Before our inspection in November 2012 and converting to become an academy in January 2013, the LA undertook a ‘monitoring visit’ and gave us a two day ‘mocksted’.  The outcome of the mocksted was painful for us as a school, although it affirmed the good practice and curriculum developments we were undertaking, it highlighted significant inconsistencies in the quality of teaching.  Some of my most inspiring teachers crumbled when observed, they tried too hard and as such, lessons lacked integrity and children’s engagement in learning fell.  It became apparent that if we were to strengthen teaching across the school, we needed to normalise observations and see lessons from the perspective of the teacher, child and observer.

It became evident that a powerful way to improve teaching would be to ask our teachers to observe practice across the school.  I met with the Senior Team to pair teachers with colleagues, linking key areas of their lesson observation outcomes and appraisal targets to ensure the observations had a developmental focus for the observer, rather than a critical focus for the observed teacher. This process was based on the model of Joint Practice Development, defined by Michael Fielding and colleagues as ’…learning new ways of working through mutual engagement that opens up and shares practices with others’.  (Fielding, M, Bragg, S, Craig, J, Cunningham, I, Eraut, M, Gillinson, S, Horne, M, Robinson, C & Thorp, J, 2005, Factors Influencing the Transfer of Good Practice, Nottingham, DFES Publications).

Our teachers were very nervous to begin, they had concerns their presence in another’s classroom would be intrusive and add pressure to a colleague’s workload.  We asked teachers to arrange their own timetable to undertake a visit to a colleague’s classroom and that there would be a reciprocal visit the following term.  During the week of the first visit, the conversations in the staff room began to fill with talk about teaching and learning as teachers shared examples of great teaching observed across the school.  These conversations were affirming and morale-boosting but more importantly, a paradigm shift had begun; a self-improving system where teachers welcomed others into their classroom and desired to see the practice of others to improve their own.

Peer observations across schools

Once teachers had undertaken two rounds of peer observations across the school, we decided to develop observations across four schools in collaboration.  We linked teachers who would learn from one another and created a cross-school observation round. As observations were across schools we created an observation form to focus our teachers on the key elements of practice observed.  The form is we used is below and is used to harvest the outcome from each observation.

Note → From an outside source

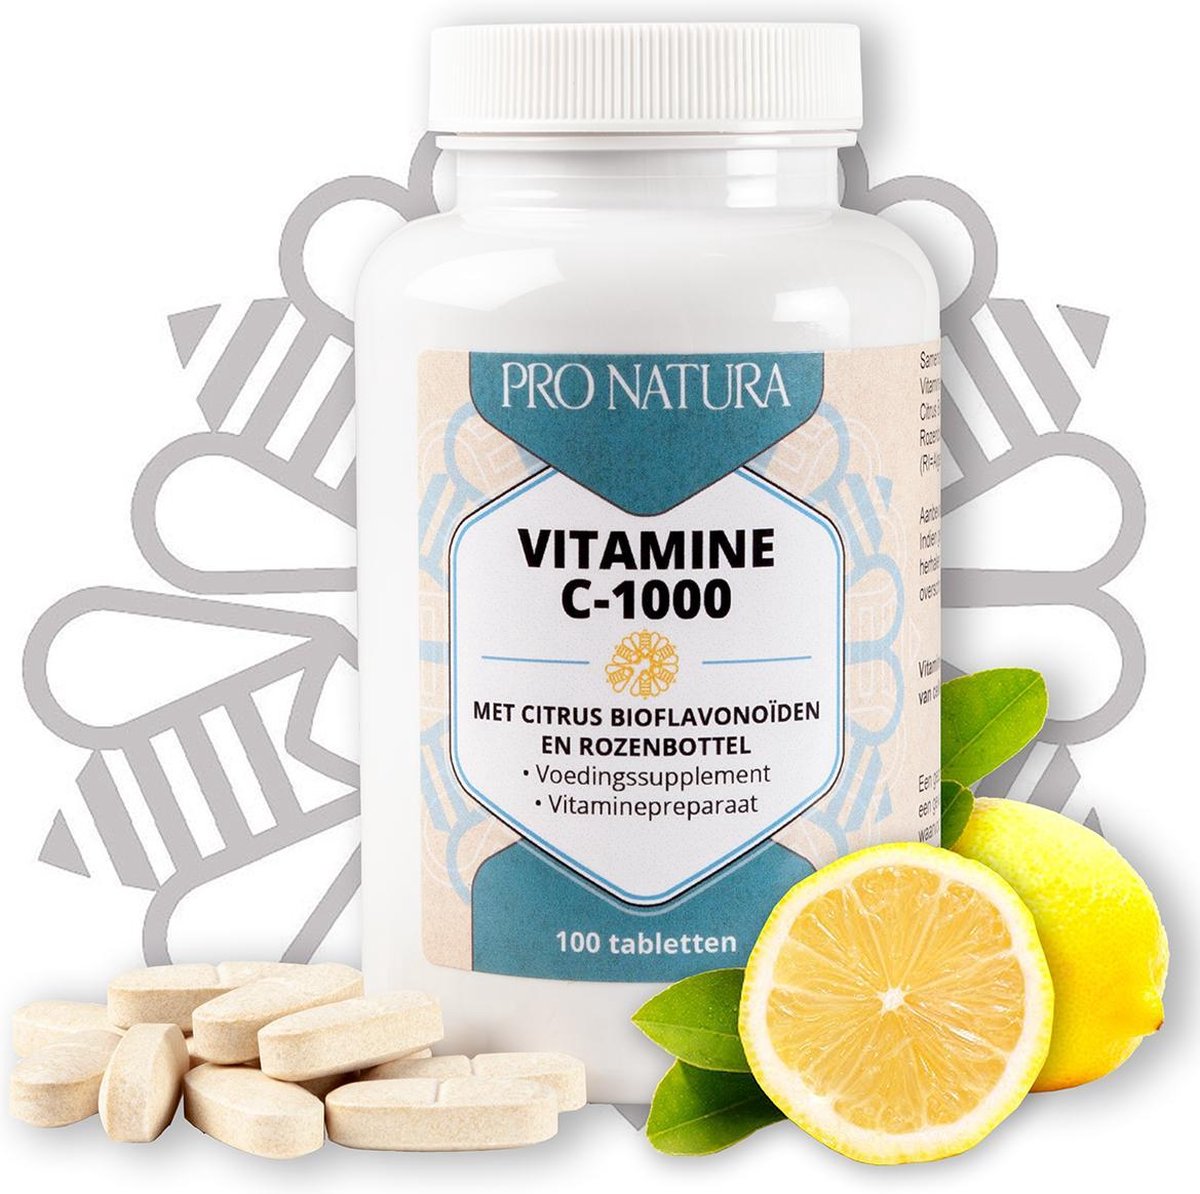 Pro Natura Vitamine C - 100 tabletten van 1000 MG (C-1000) - Voedingssupplement - Vitaminepreparaat
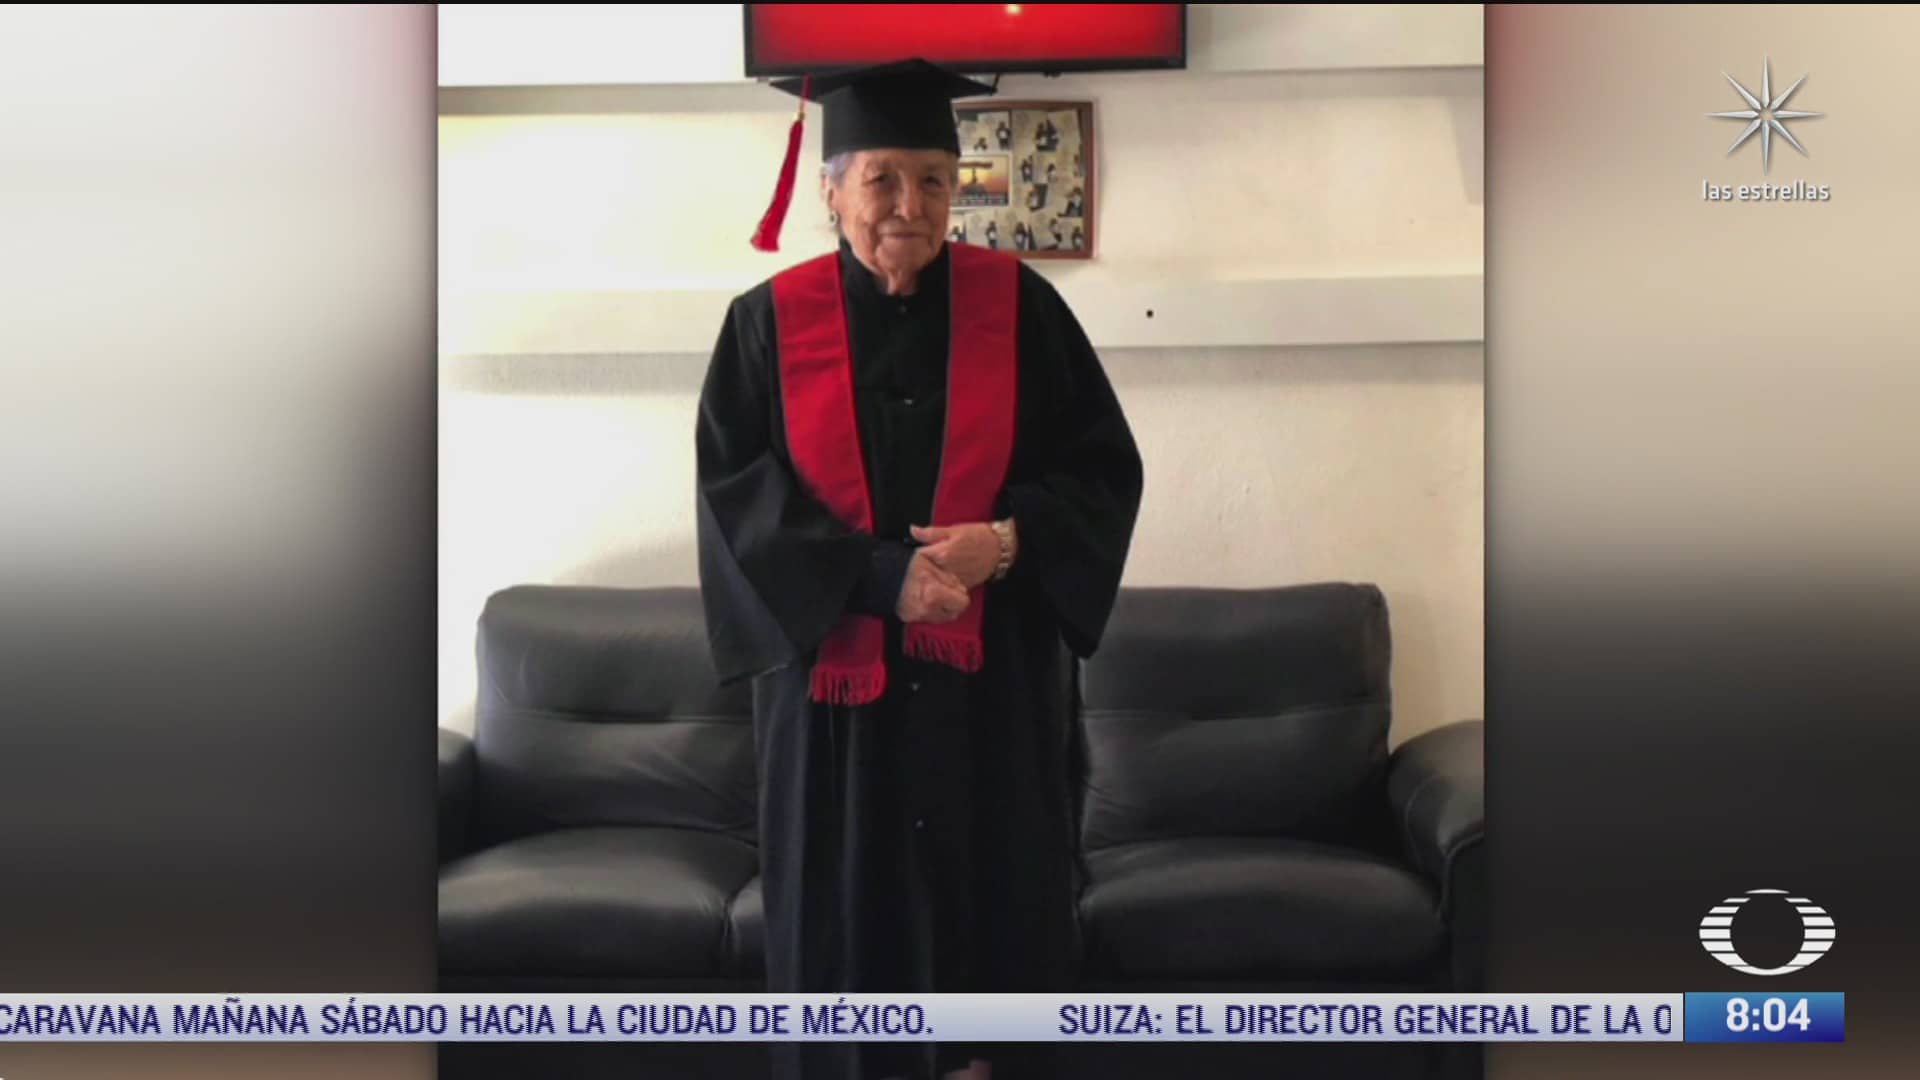 abuelita de 93 anos se gradua en administracion de empresas

We targeted an area of development common across the four schools and asked teachers to observe practice in maths.  Teachers once again felt anxious about both observing and being observed across schools.  Once again, the talk in the staff room buzzed with conversations about what teachers had seen across the four schools and of their experience in discussing their practice with colleagues across the schools.

Peer observations across schools had started to build professional relationships between colleagues.  This opened out a shared trust between schools and a professional network upon which we could build further structures across schools.  These networks have included curriculum groups, shared staff training events, Teach-Meets, shared learning experiences across schools and teacher secondments.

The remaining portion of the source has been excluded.